DATA FOR ANALYSIS section start

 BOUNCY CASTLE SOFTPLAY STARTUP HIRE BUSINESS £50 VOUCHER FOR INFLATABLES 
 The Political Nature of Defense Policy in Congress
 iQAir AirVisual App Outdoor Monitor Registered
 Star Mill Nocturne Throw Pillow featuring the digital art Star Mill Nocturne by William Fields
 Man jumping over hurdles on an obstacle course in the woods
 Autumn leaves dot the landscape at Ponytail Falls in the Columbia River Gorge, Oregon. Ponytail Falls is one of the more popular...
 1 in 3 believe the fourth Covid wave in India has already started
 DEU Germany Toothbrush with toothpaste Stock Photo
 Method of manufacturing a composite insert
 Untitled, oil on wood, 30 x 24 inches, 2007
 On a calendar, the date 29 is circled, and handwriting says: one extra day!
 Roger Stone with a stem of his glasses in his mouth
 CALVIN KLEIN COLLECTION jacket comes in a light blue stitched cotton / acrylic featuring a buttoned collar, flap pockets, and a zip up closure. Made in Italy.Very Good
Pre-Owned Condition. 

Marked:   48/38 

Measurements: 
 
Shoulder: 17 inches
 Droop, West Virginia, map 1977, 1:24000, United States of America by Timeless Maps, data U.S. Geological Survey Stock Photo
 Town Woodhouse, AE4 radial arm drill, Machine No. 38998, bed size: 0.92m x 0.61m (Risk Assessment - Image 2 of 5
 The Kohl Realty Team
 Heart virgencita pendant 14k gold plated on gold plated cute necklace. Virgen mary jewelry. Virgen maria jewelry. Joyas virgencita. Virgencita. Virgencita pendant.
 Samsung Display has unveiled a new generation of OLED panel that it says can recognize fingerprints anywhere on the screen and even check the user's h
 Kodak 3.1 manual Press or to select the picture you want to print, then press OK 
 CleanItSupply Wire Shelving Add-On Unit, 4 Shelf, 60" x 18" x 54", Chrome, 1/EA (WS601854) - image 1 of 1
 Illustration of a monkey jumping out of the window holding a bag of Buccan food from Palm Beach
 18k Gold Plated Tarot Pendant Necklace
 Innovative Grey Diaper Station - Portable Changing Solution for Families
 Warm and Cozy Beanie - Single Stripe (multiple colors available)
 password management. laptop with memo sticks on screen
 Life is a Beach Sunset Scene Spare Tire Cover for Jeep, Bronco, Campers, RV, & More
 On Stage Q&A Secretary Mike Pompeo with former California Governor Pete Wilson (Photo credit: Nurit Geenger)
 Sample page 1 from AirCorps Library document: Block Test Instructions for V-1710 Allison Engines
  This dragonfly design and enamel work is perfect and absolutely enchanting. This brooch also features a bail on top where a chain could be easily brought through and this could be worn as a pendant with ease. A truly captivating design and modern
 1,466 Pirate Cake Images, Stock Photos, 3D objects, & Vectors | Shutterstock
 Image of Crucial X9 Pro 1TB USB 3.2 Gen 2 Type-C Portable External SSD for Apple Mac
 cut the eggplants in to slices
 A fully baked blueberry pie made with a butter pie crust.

DATA FOR ANALYSIS section end

» WHAT YOU ARE ASKED TO DO
After locating the line with "The Kohl Realty Team" above, return that line and every later line through the one with "Heart virgencita pendant", word for word and with nothing else.

» YOUR SOLUTION
 The Kohl Realty Team
 Heart virgencita pendant 14k gold plated on gold plated cute necklace. Virgen mary jewelry. Virgen maria jewelry. Joyas virgencita. Virgencita. Virgencita pendant.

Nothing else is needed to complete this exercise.